This medication may be prescribed for other uses. Ask your doctor or pharmacist for more information.
Avsola Drug Class
Avsola is part of the drug class:
Side Effects of Avsola
Avsola can cause serious side effects. See "Avsola Precautions" section.
The most common side effects of infliximab products such as Avsola include:
- respiratory infections, such as sinus
- infections and sore throat
- stomach pain
Infusion reactions can happen up to 2 hours after your infusion of Avsola. Symptoms of infusion reactions may include:
- low blood pressure or high blood pressure
- shortness of breath
Children with Crohn’s disease showed some differences in side effects compared with adults with Crohn’s disease. The side effects that happened more in children were: anemia (low red blood cells), leukopenia (low white blood cells), flushing (redness or blushing), viral infections, neutropenia (low neutrophils, the white blood cells that fight infection), bone fracture, bacterial infection and allergic reactions of the breathing tract. Among patients who received infliximab for ulcerative colitis in clinical studies, more children had infections as compared with adults.
Tell your doctor about any side effect that bothers you or does not go away.
These are not all of the side effects with Avsola. Ask your doctor or pharmacist for more information.
Call your doctor for medical advice about side effects. You may report side effects to FDA at 1-800-FDA-1088.
Tell your doctor about all the medicines you take, including prescription and over-the-counter medicines, vitamins, and herbal supplements. These include any other medicines to treat Crohn’s disease, ulcerative colitis, rheumatoid arthritis, ankylosing spondylitis, psoriatic arthritis or psoriasis.

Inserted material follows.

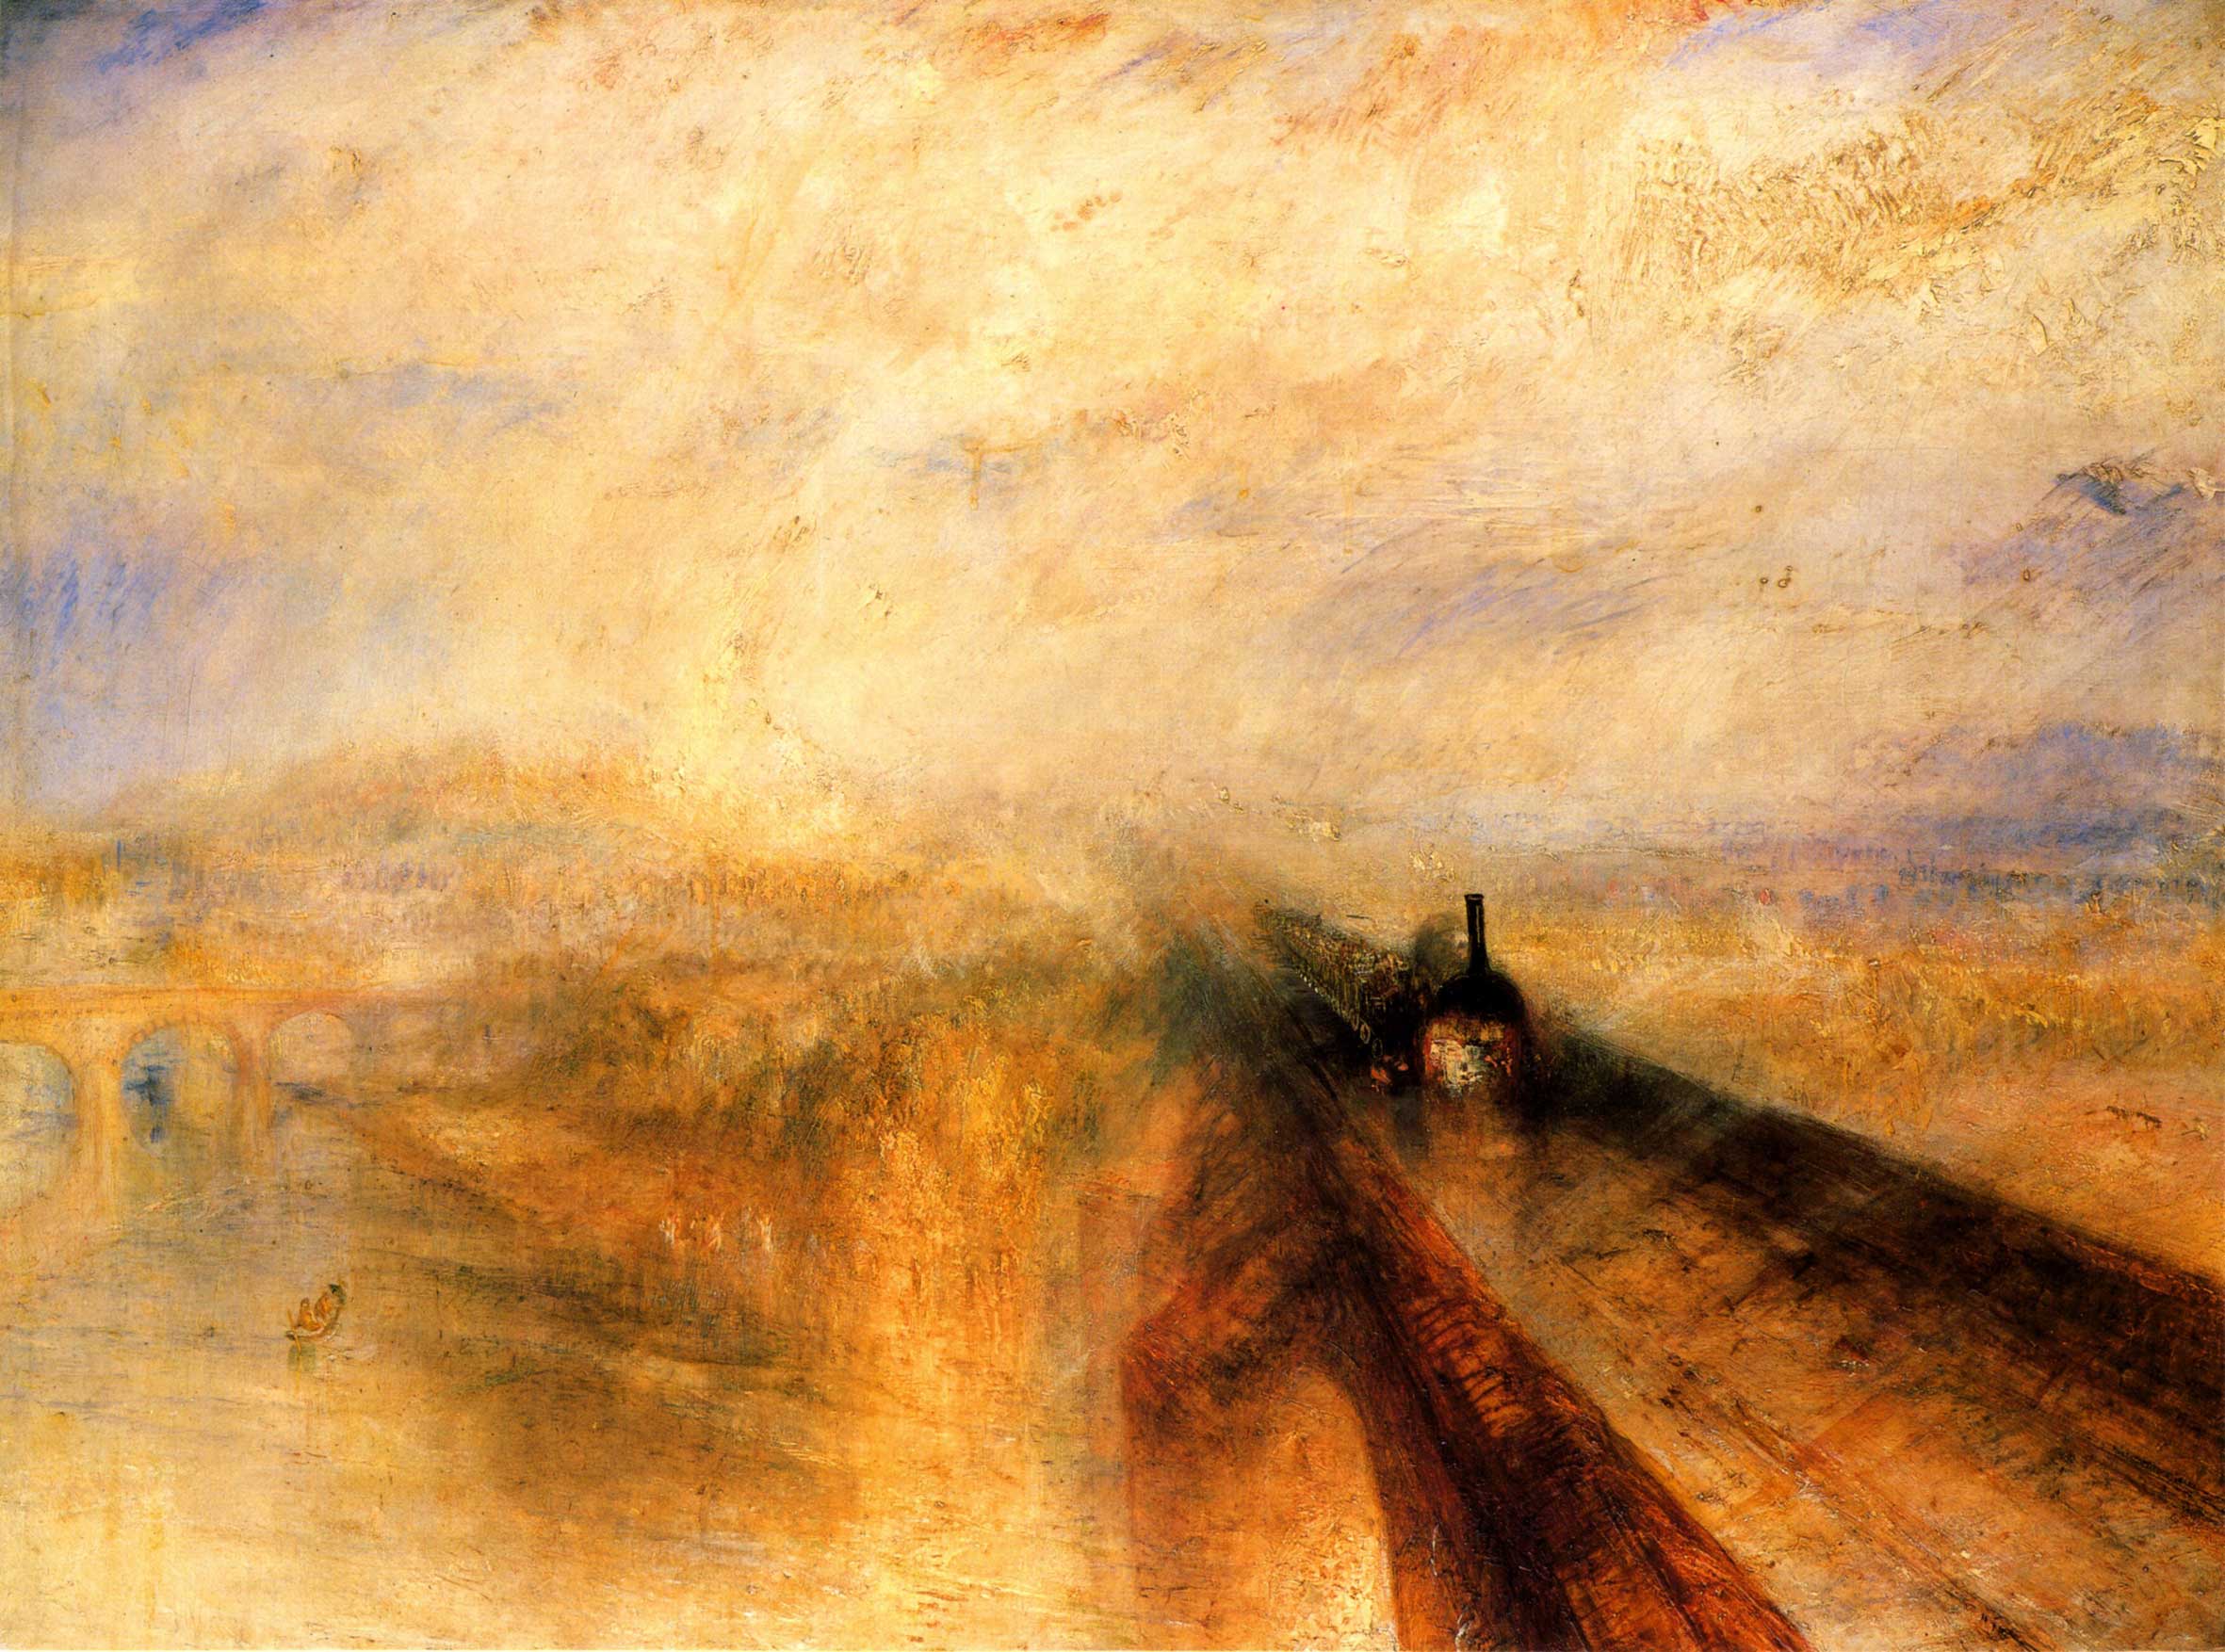 Figure 2: J. M. W. Turner, Rain, Steam and Speed – The Great Western Railway (1844, oil on canvas.) London, National Gallery. Image in Public Domain.

Especially tell your doctor if you take:
- Kineret (anakinra)
- Orencia (abatacept)
- Actemra (tocilizumab)
- other medicines called biologics that are used to treat the same conditions as Avsola.

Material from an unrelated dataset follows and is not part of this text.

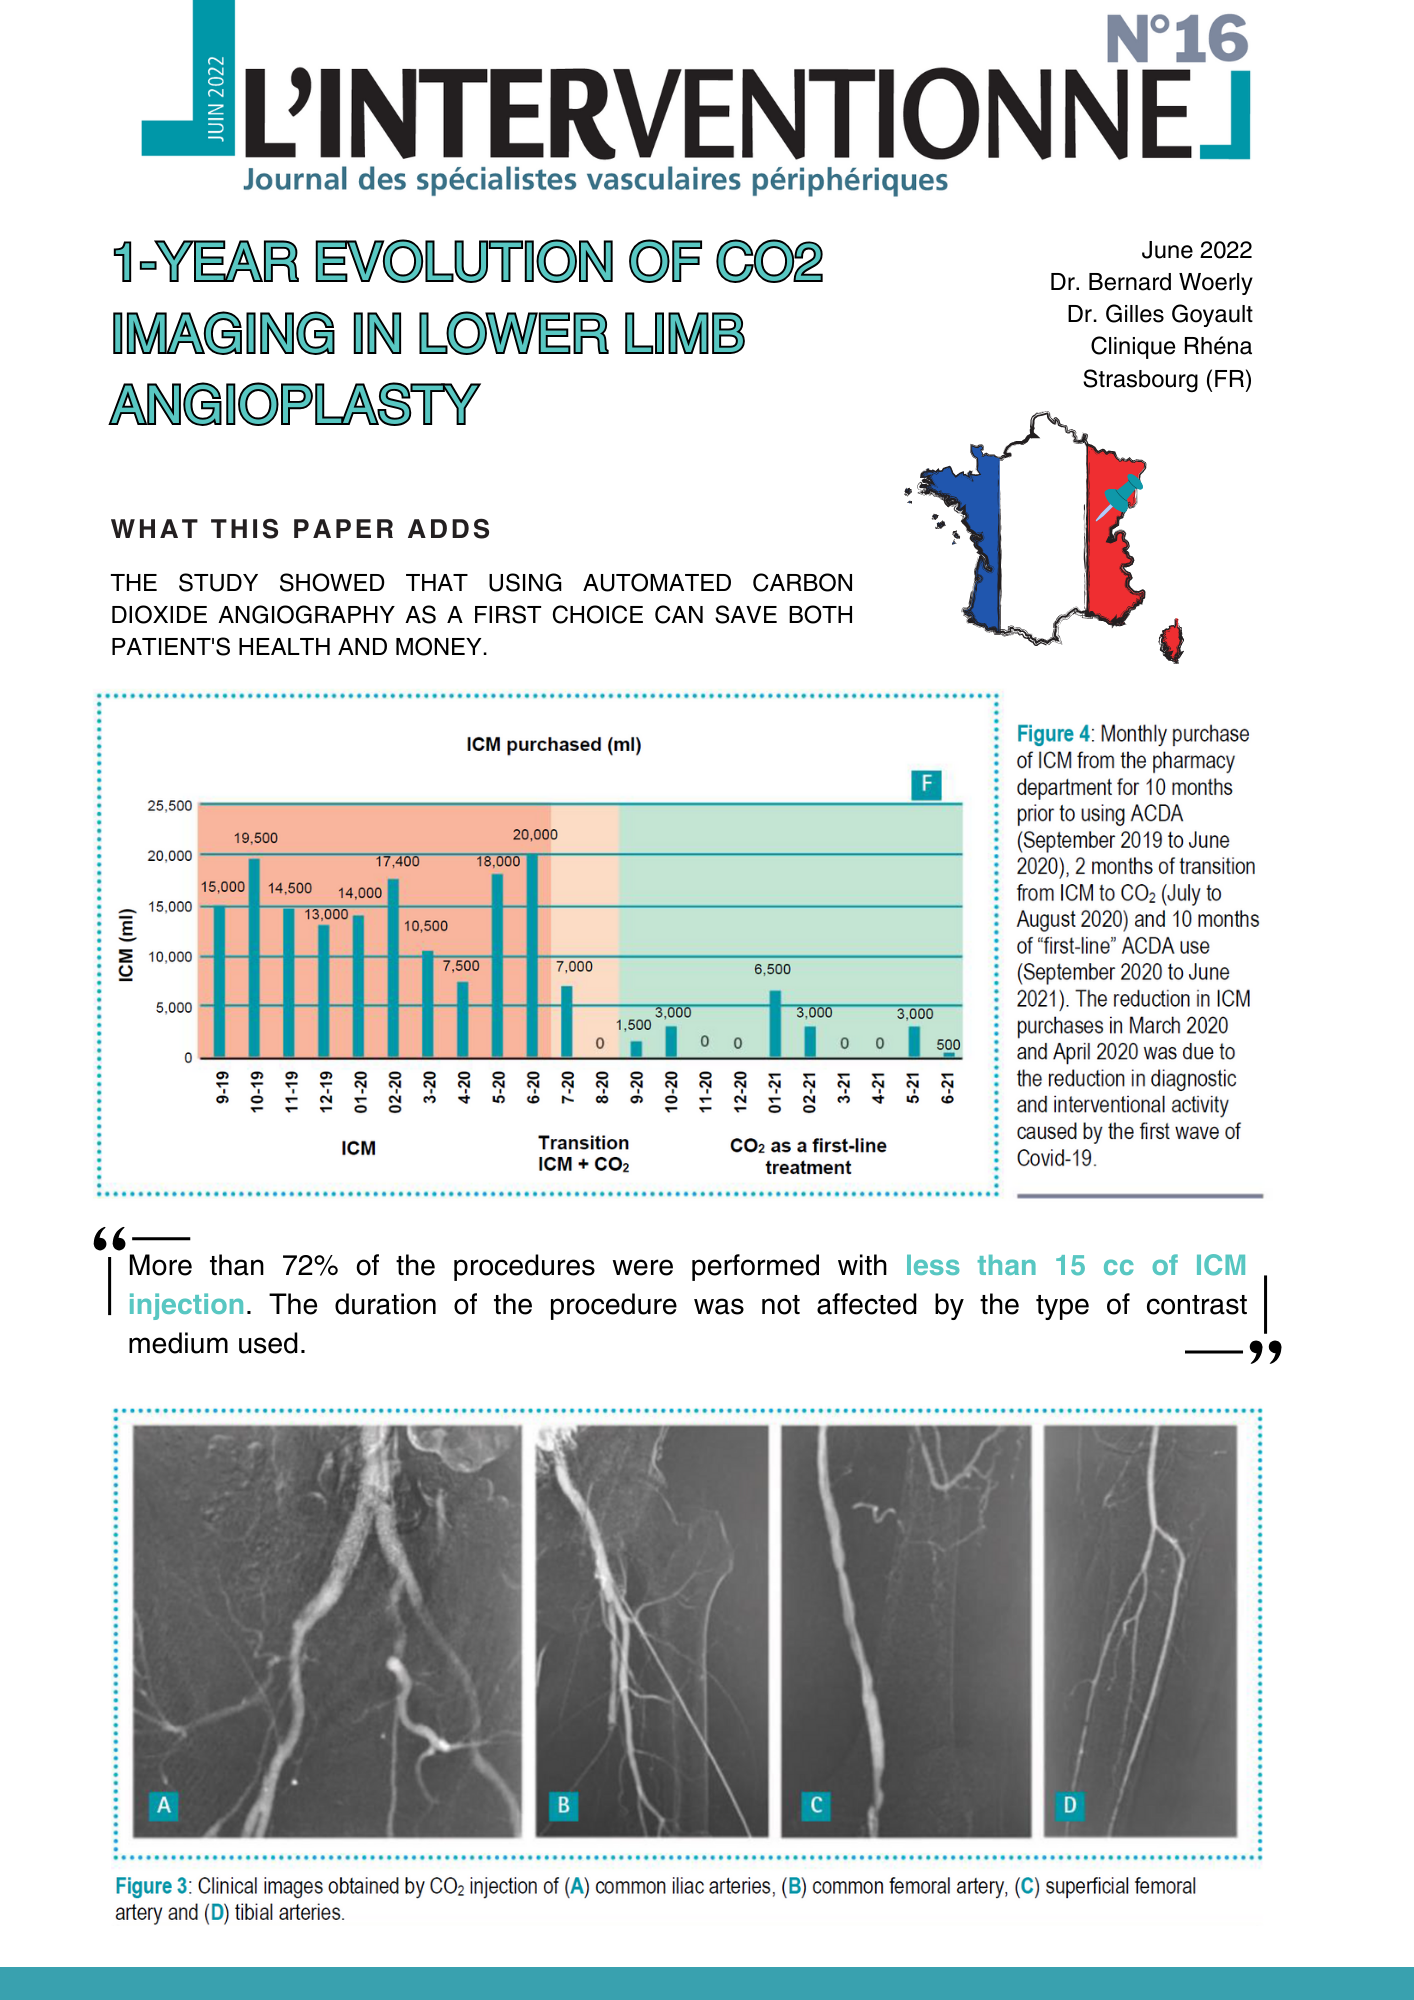 1-year evolution of CO2 imaging in lower limb angioplasty

This is not a complete list of Avsola drug interactions. Ask your doctor or pharmacist for more information.
Risk of infection. Avsola is a medicine that affects your immune system. Avsola can lower the ability of your immune system to fight infections. Serious infections have happened in patients receiving Avsola. These infections include tuberculosis (TB) and infections caused by viruses, fungi or bacteria that have spread throughout the body. Some patients have died from these infections.

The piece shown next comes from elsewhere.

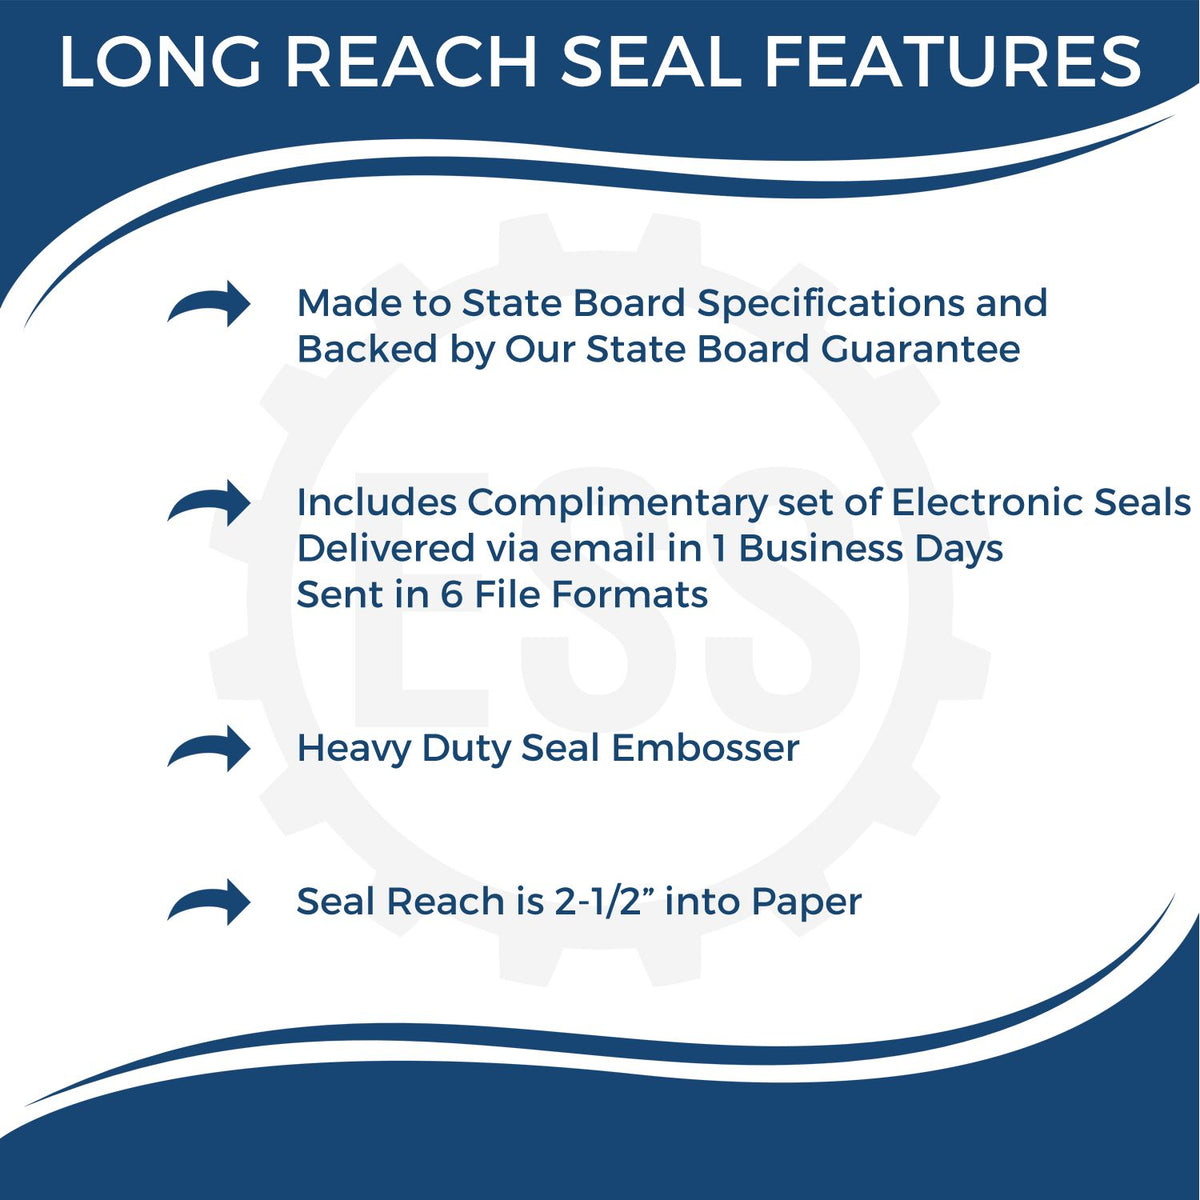 A picture of an infographic highlighting the selling points for the Long Reach Wyoming Geology Seal

After starting Avsola, if you have an infection, any sign of an infection including a fever, cough, flu-like symptoms, or have open cuts or sores on your body, call your doctor right away. Avsola can make you more likely to get infections or make any infection that you have worse.
- Your doctor should test you for TB before starting Avsola.
- Your doctor should monitor you closely for signs and symptoms of TB during treatment with Avsola.
Risk of Cancer. There have been cases of unusual cancers in children and teenage patients using tumor necrosis factor (TNF)-blocker medicines, such as Avsola.
- For children and adults receiving TNF-blocker medicines, including Avsola, the chances of getting lymphoma or other cancers may increase.
- Some people receiving TNF-blockers, including Avsola, developed a rare type of cancer called hepatosplenic T-cell lymphoma. This type of cancer often results in death. Most of these people were male teenagers or young men. Also, most people were being treated for Crohn’s disease or ulcerative colitis with a TNF-blocker and another medicine called azathioprine or 6-mercaptopurine.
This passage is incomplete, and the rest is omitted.